**** GIVEN DATA

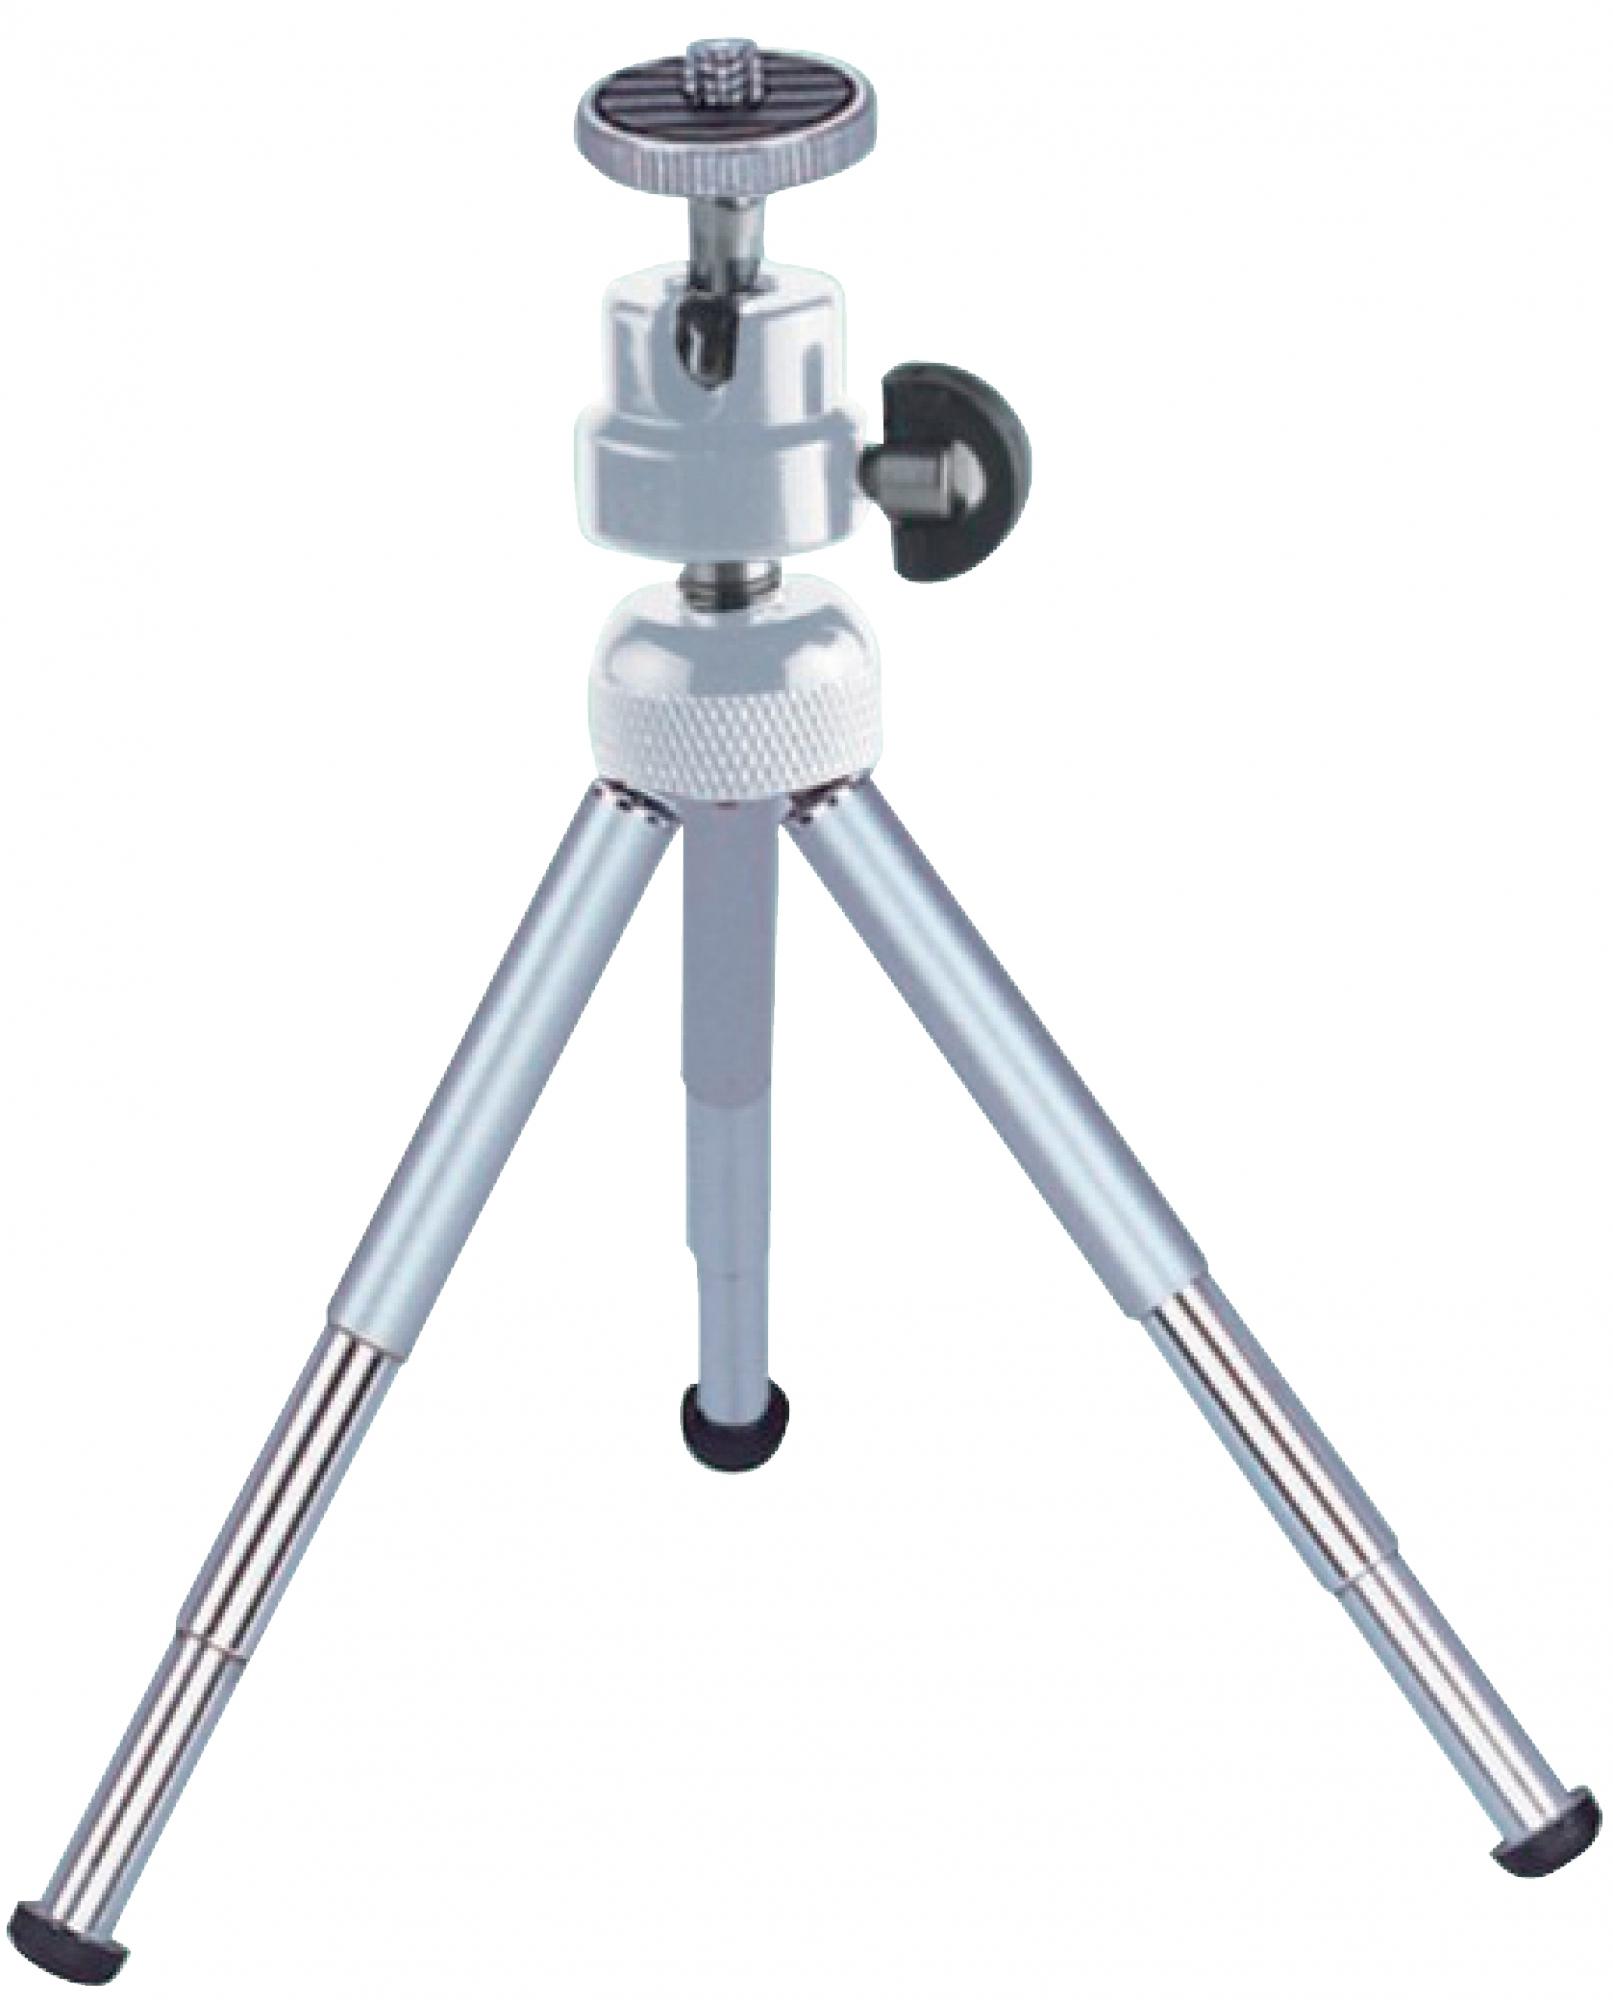 Billede af Mini tre-fod, 27 cm. 0.8 kg. sølv
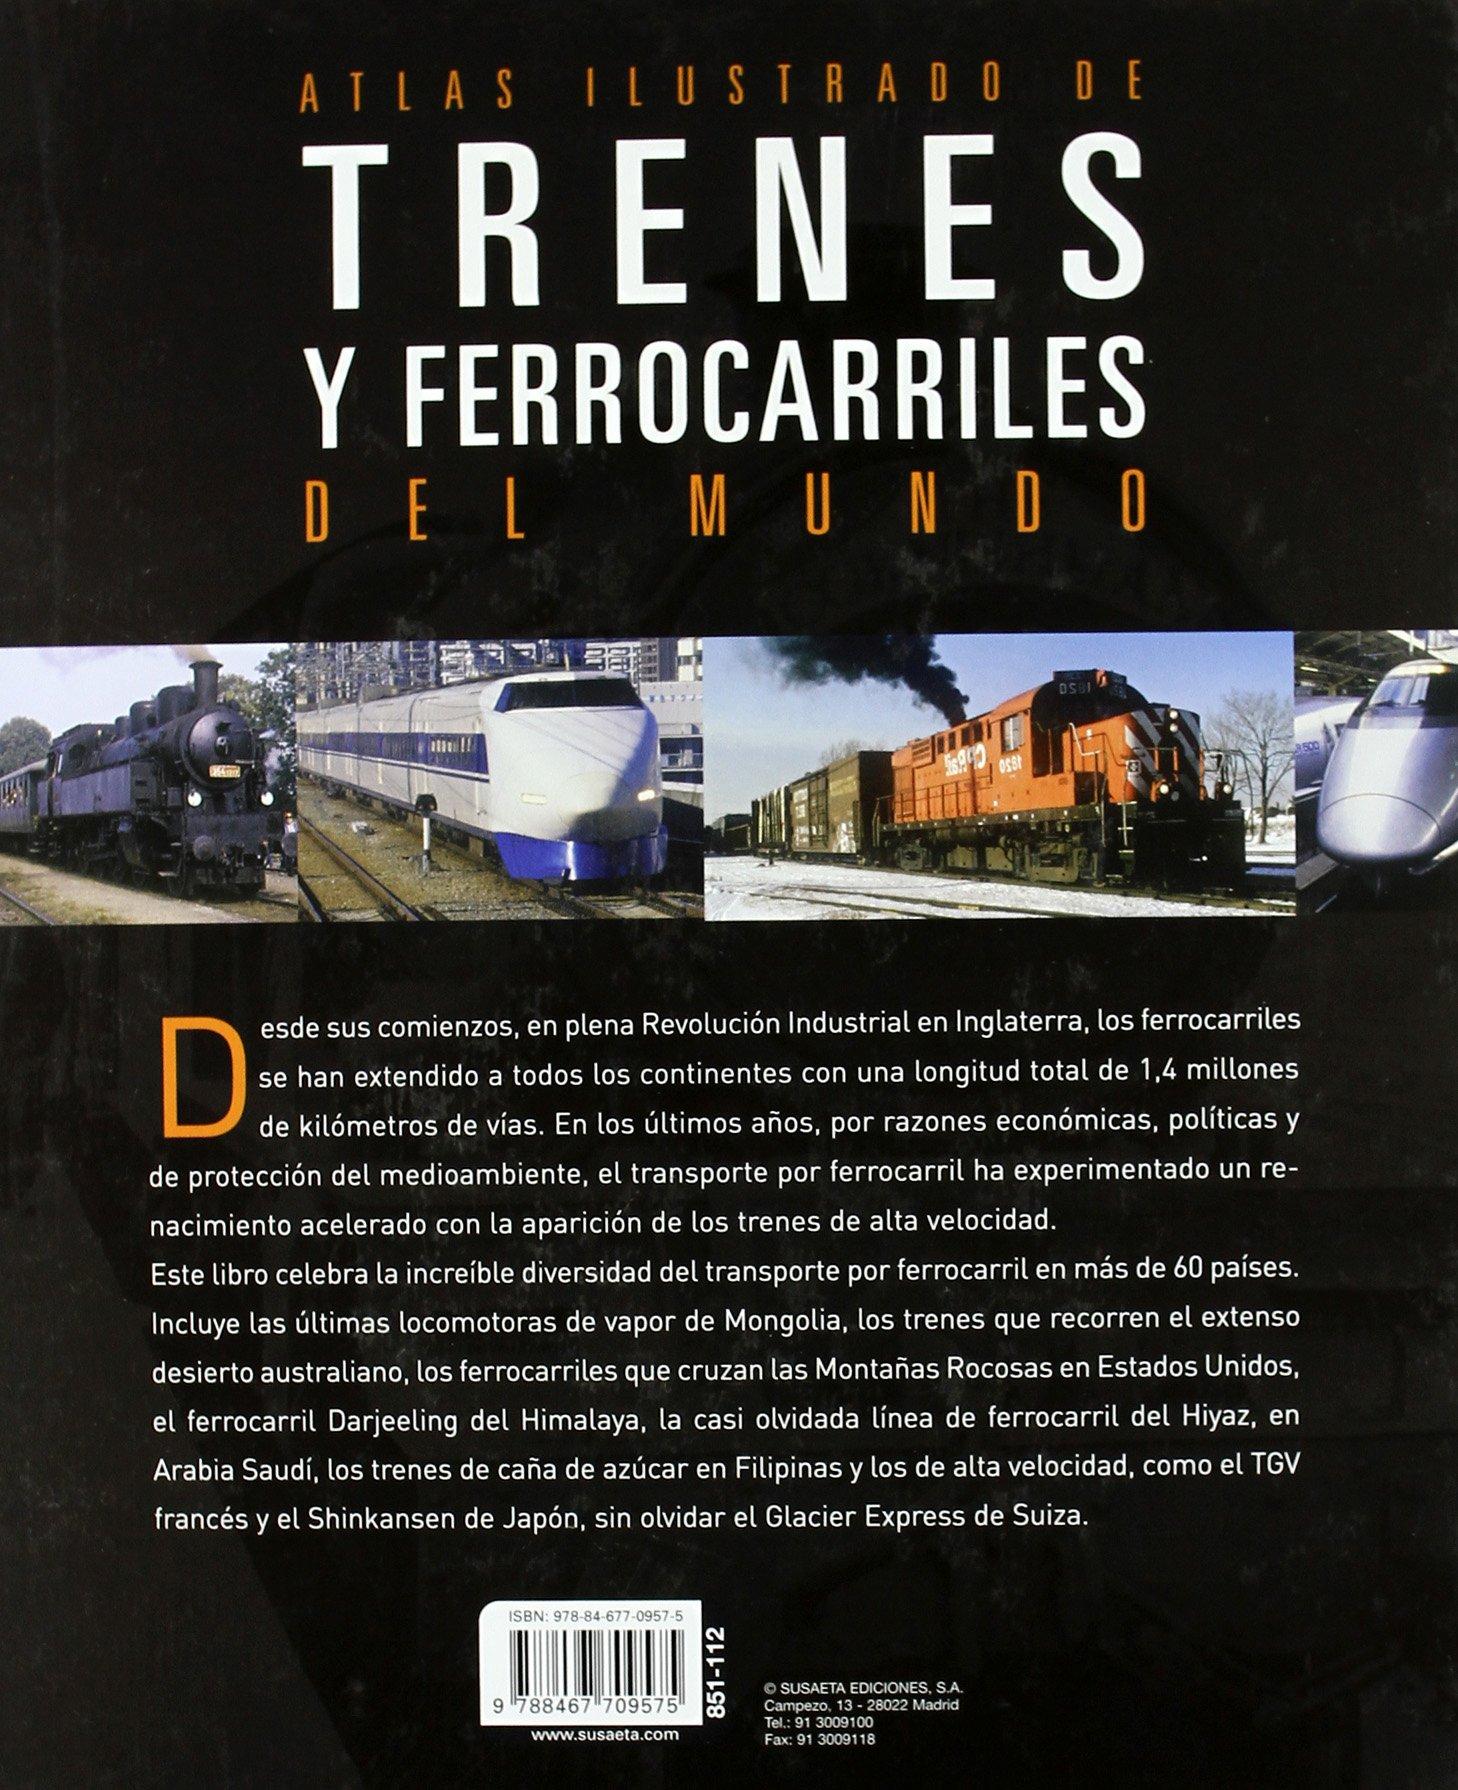 Trenes Y Ferrocarriles Del Mundo (Atlas Ilustrado): Amazon.es: Holland, Julian, Milepost, 92 1, 2-railphotolibrary.com: Libros
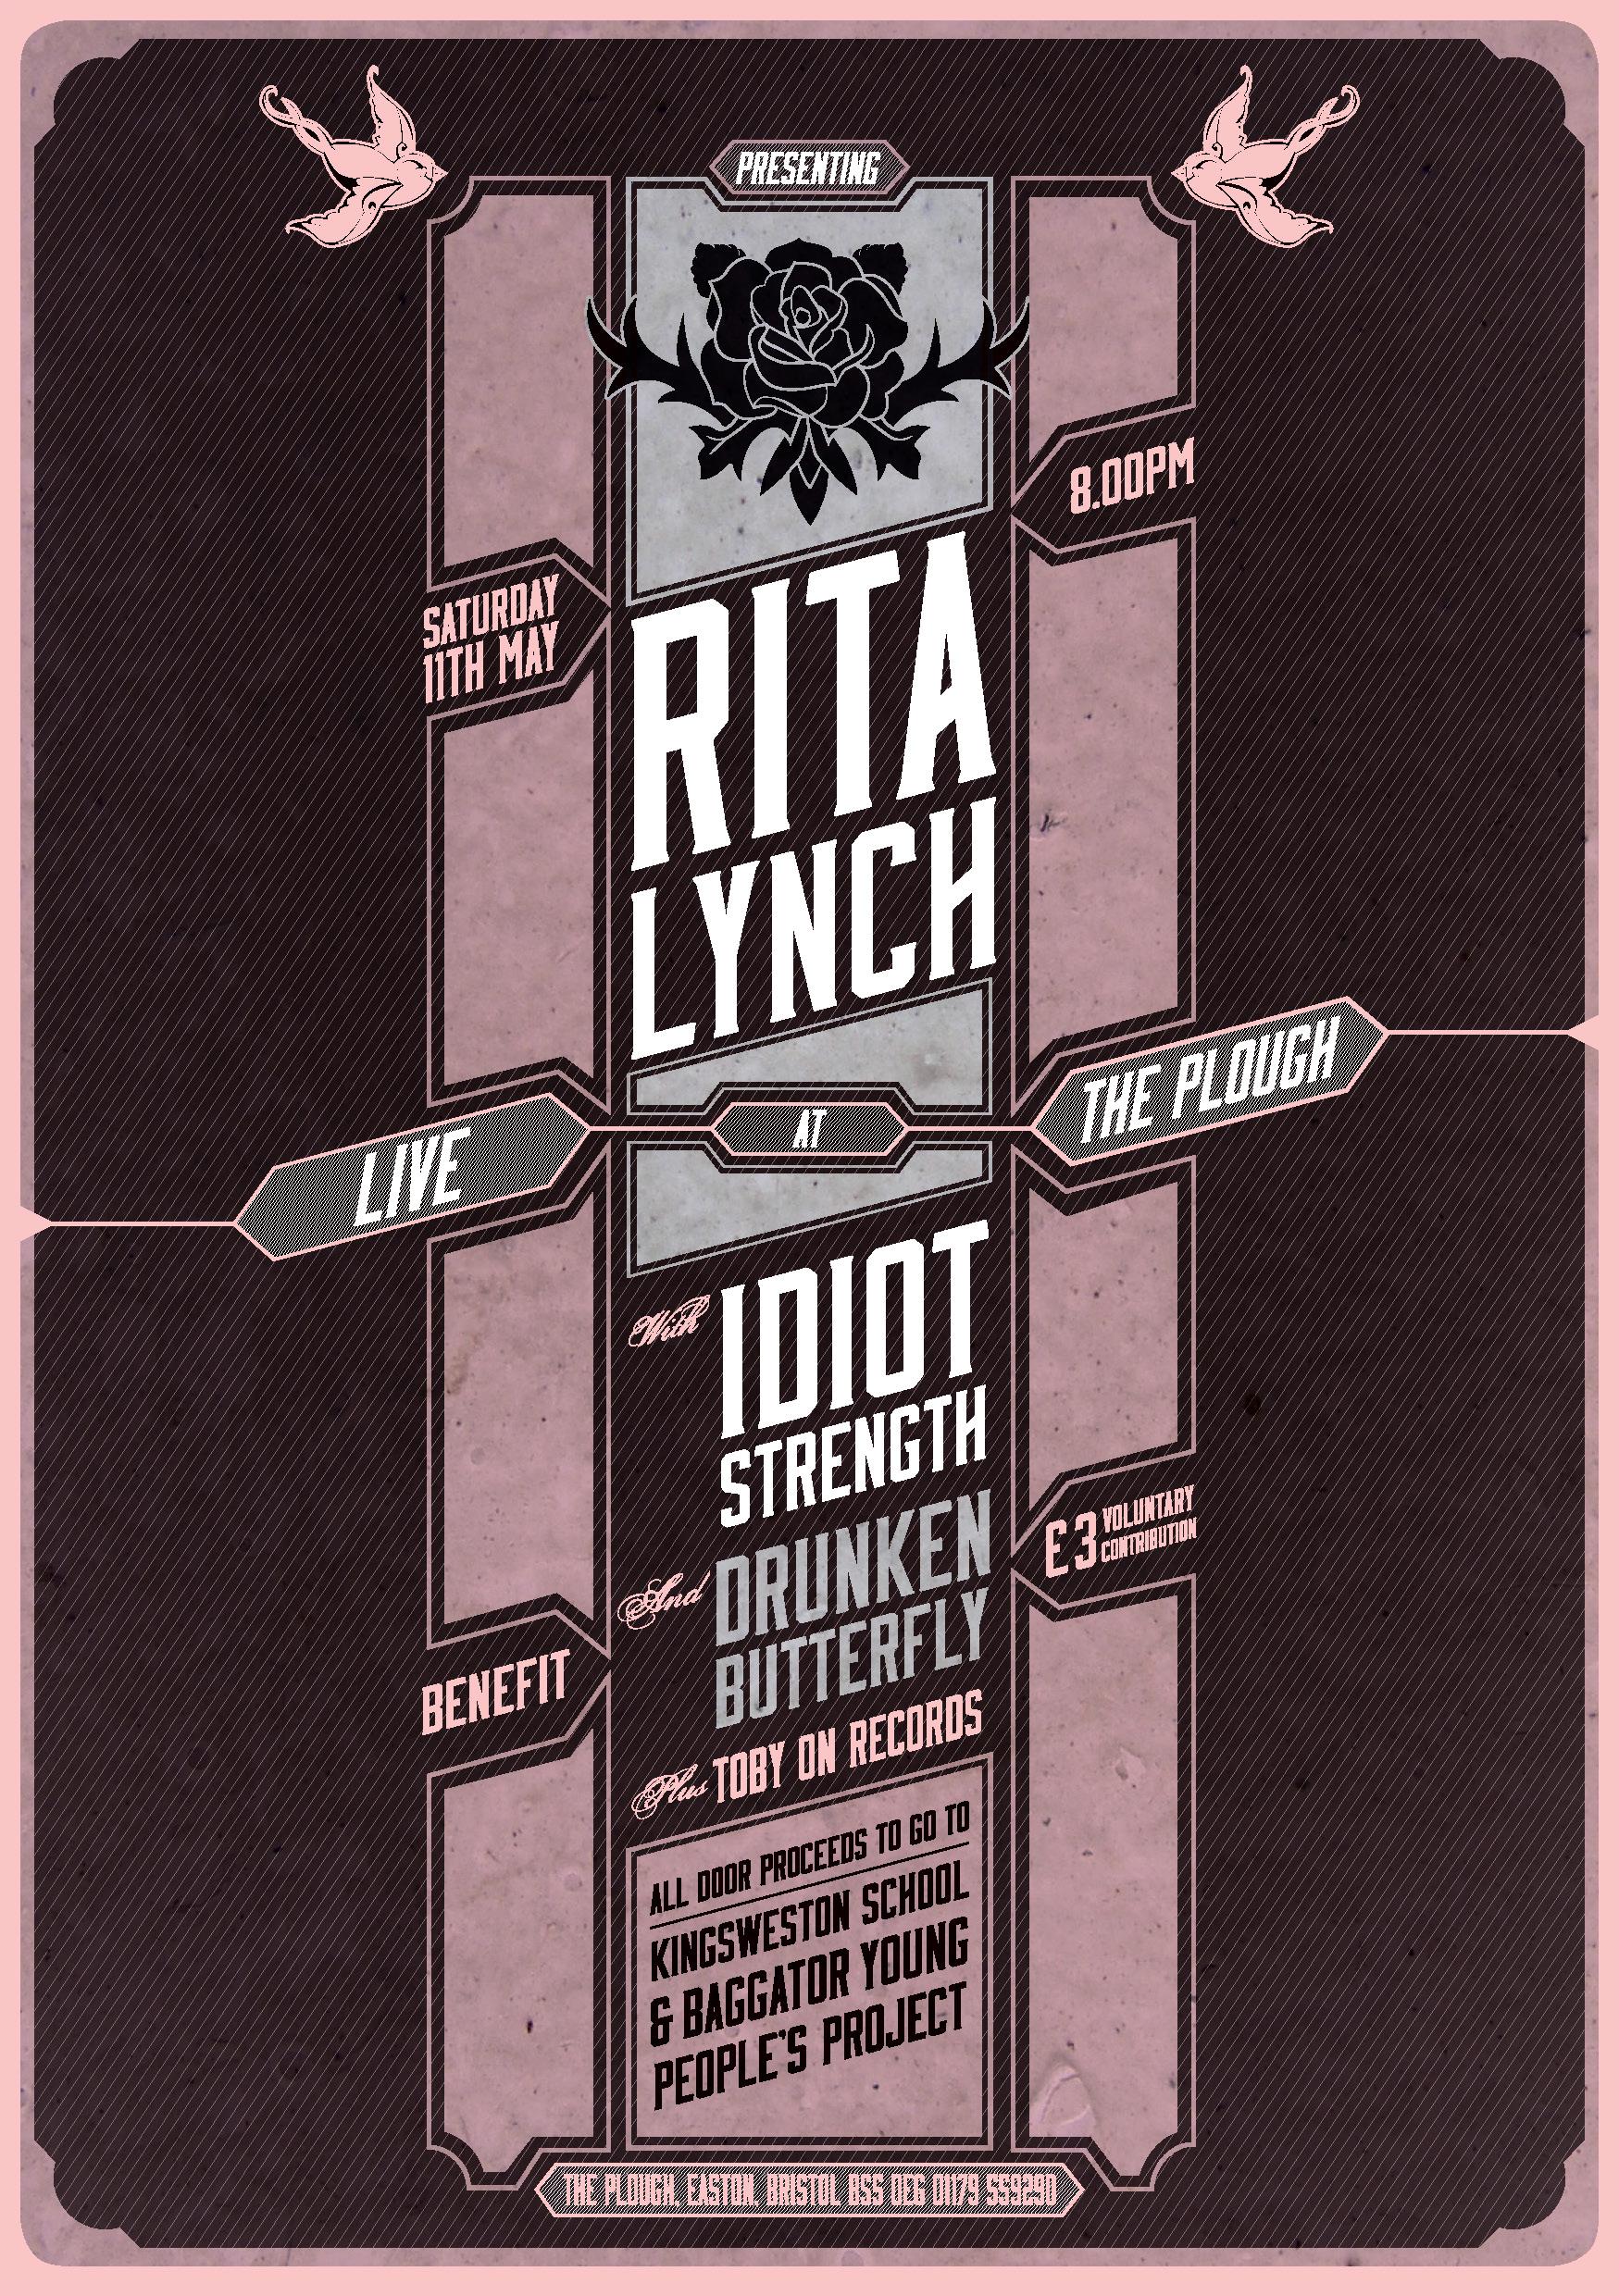 Rita Lych Benefit Gig - Saturday 11th May

********

# WHAT IS BEING ASKED:
No pictures belong in the copy. Retype exactly, and only, the lines from the line containing "Trenes Y Ferrocarriles" through the last line of the data, both included.

# TASK RESULT:
 Trenes Y Ferrocarriles Del Mundo (Atlas Ilustrado): Amazon.es: Holland, Julian, Milepost, 92 1, 2-railphotolibrary.com: Libros
 Rita Lych Benefit Gig - Saturday 11th May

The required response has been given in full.